DATA SEGMENT Start Marker
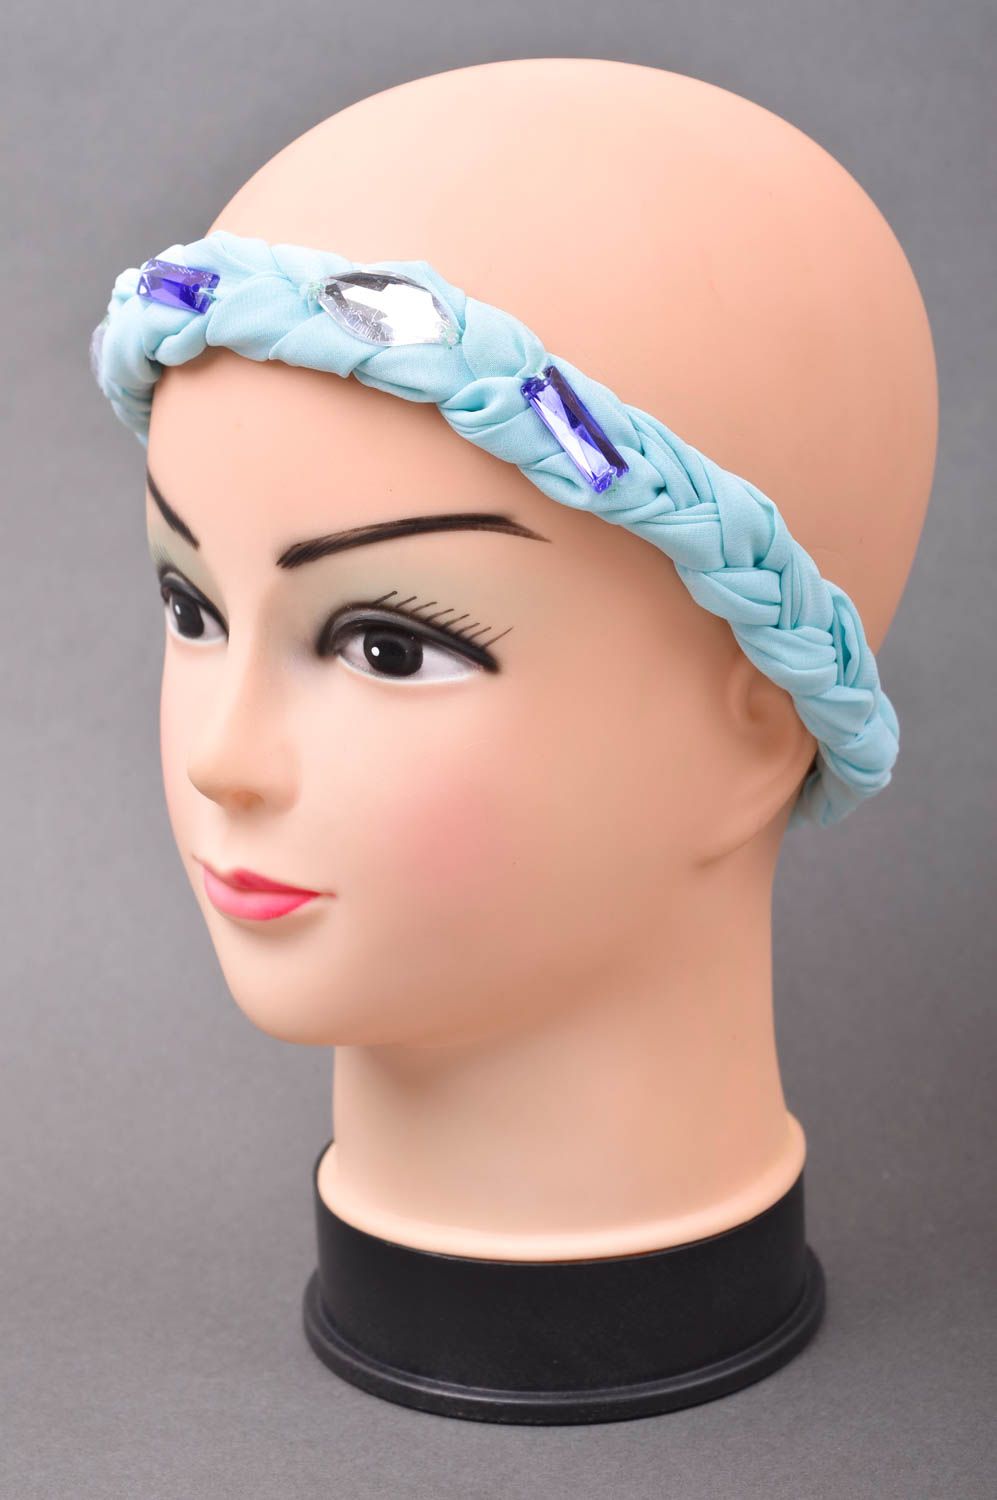 Homemade hair accessories girls headband hair decorations best gifts for women photo 1
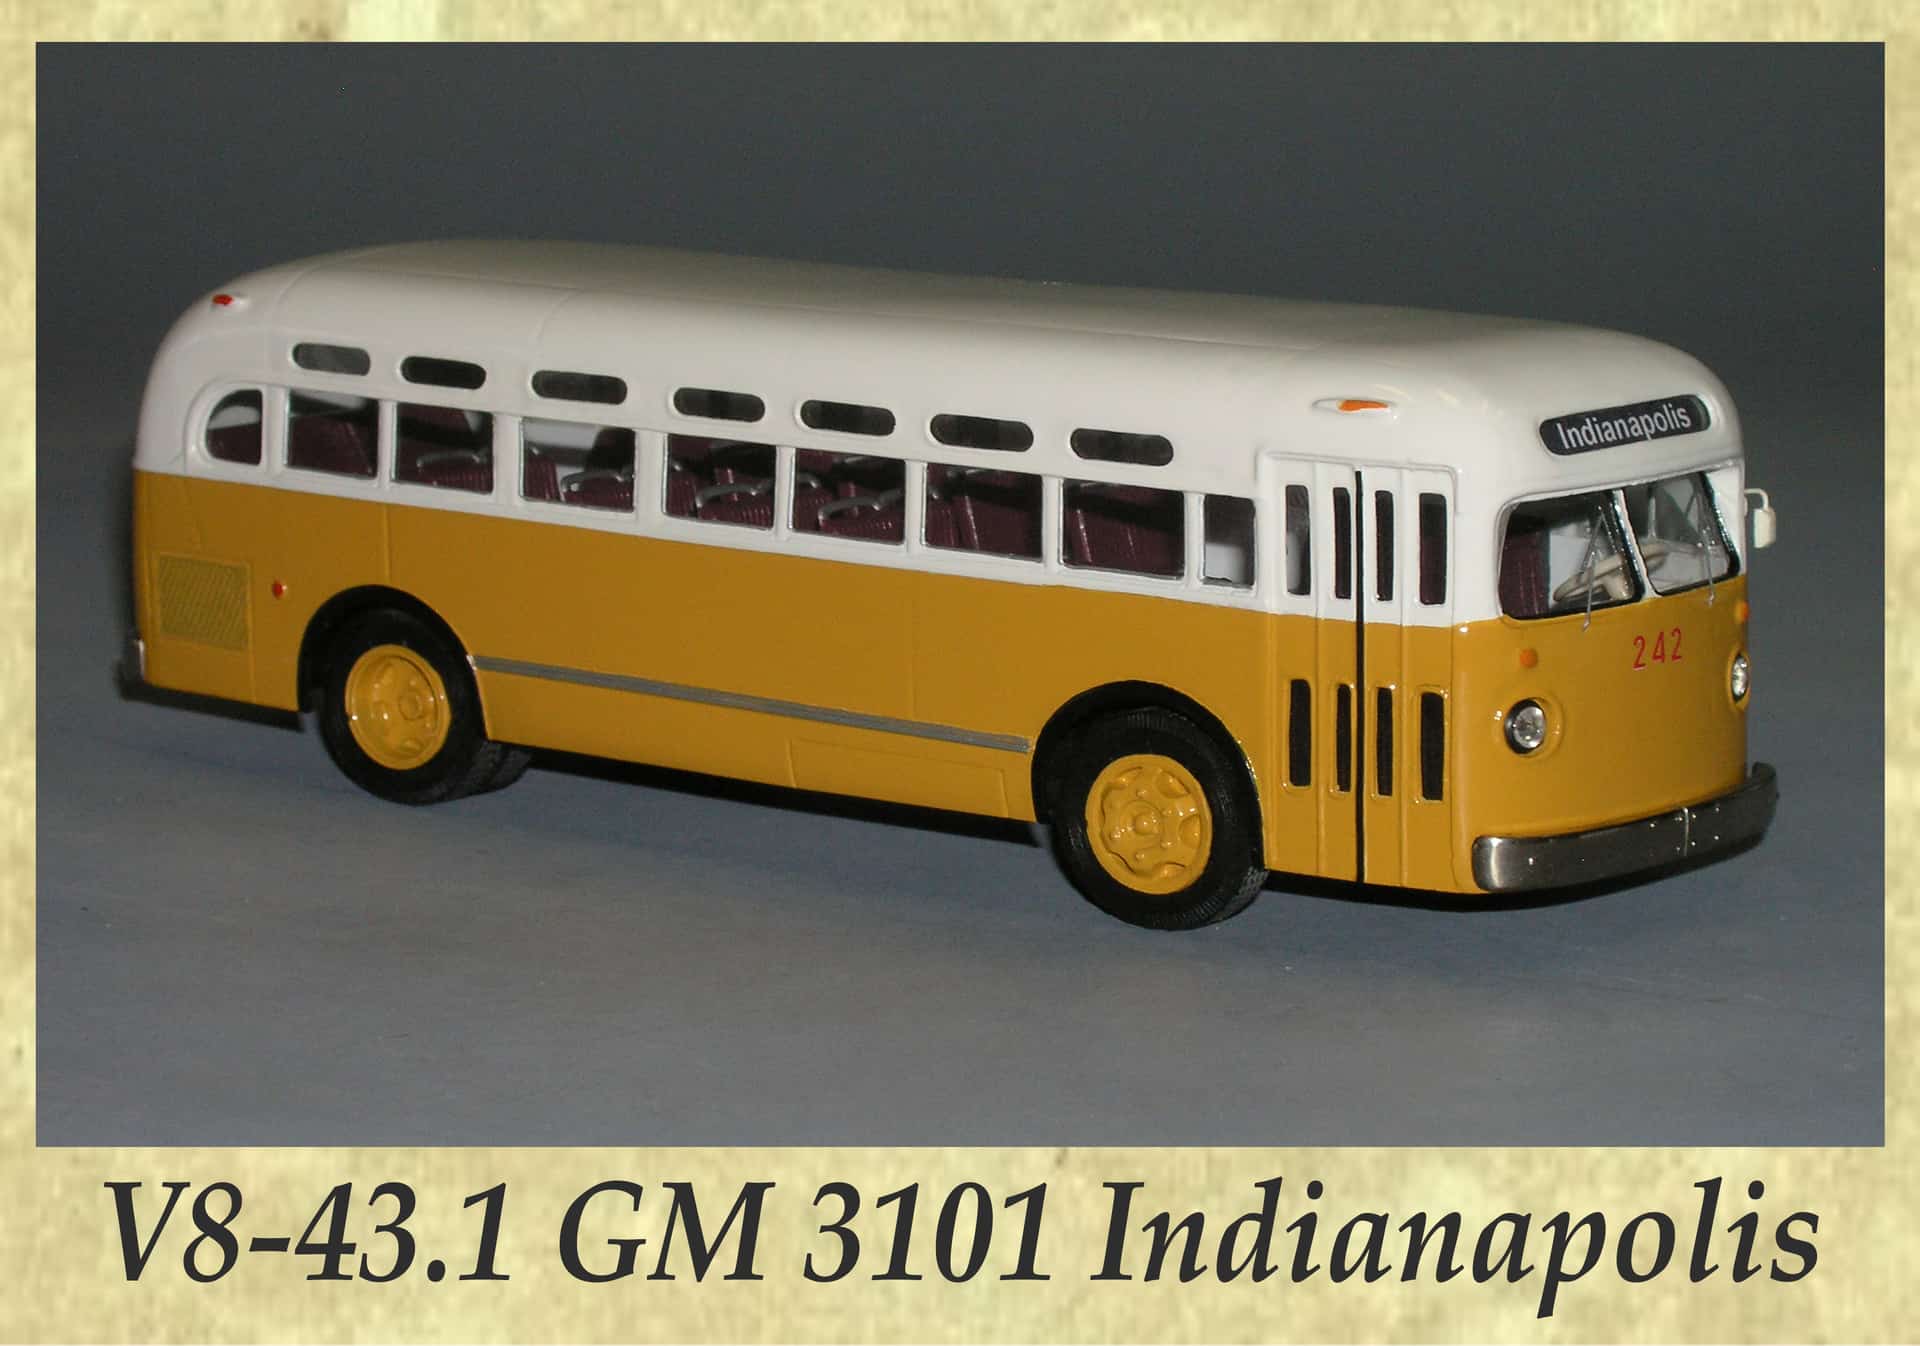 V8-43.1 GM 3101 Indianapolis
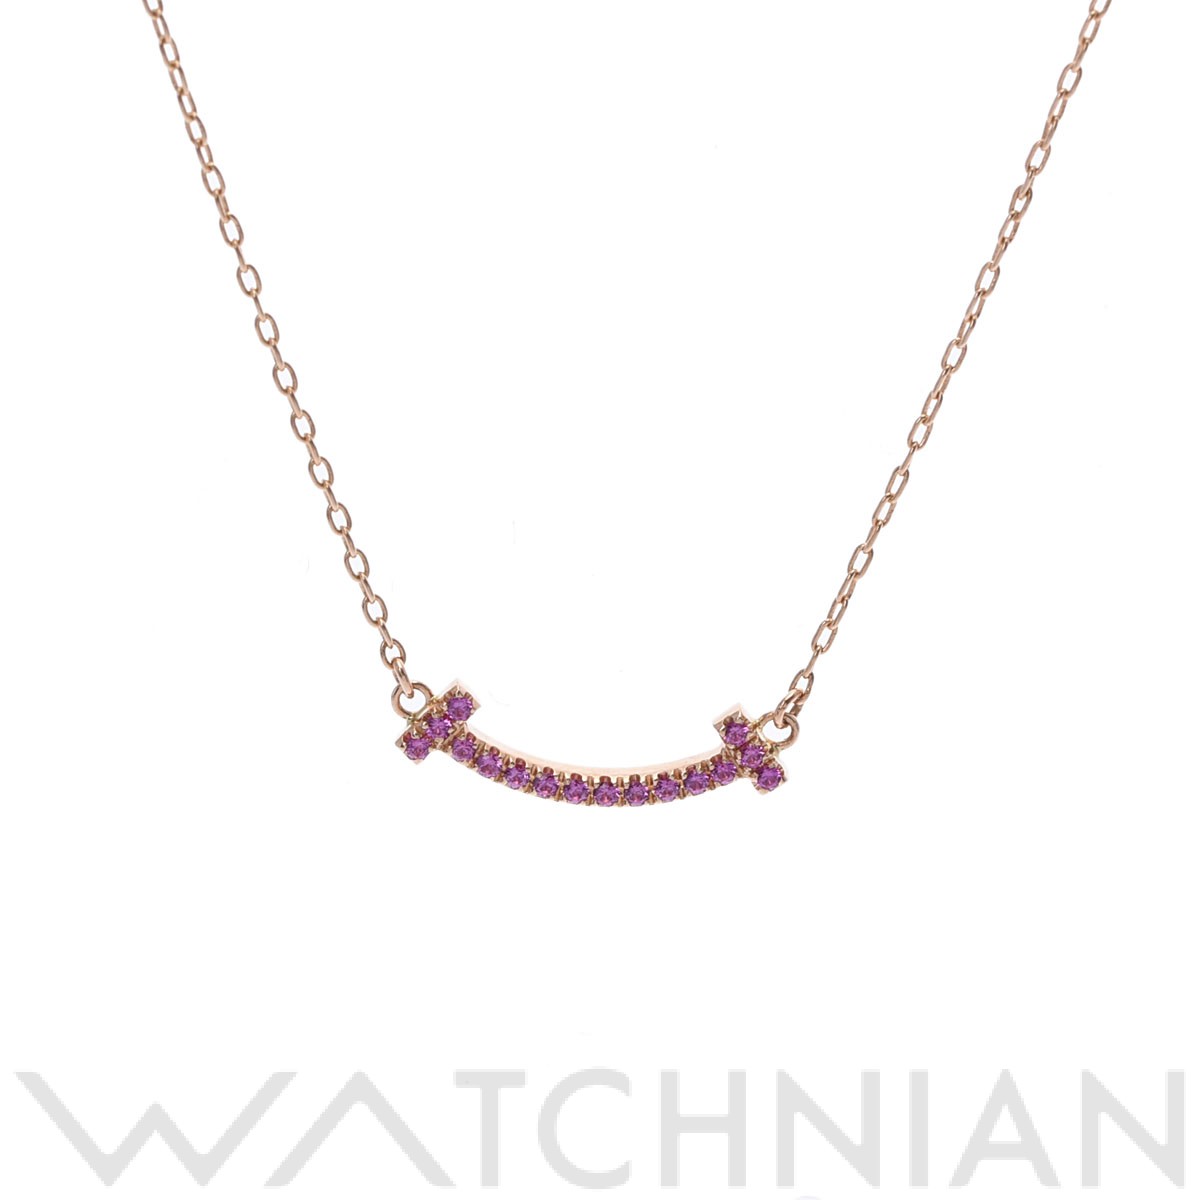 Tiffany スマイル ピンクサファイヤ ネックレス k18 WG ホリデー
DATA SEGMENT End Marker
_TASK GOAL_
Everything in the listing should be repeated exactly except the pictures.

_SOLUTION TO THE PROBLEM_
 Homemade hair accessories girls headband hair decorations best gifts for women photo 1
 V8-43.1 GM 3101 Indianapolis
 Tiffany スマイル ピンクサファイヤ ネックレス k18 WG ホリデー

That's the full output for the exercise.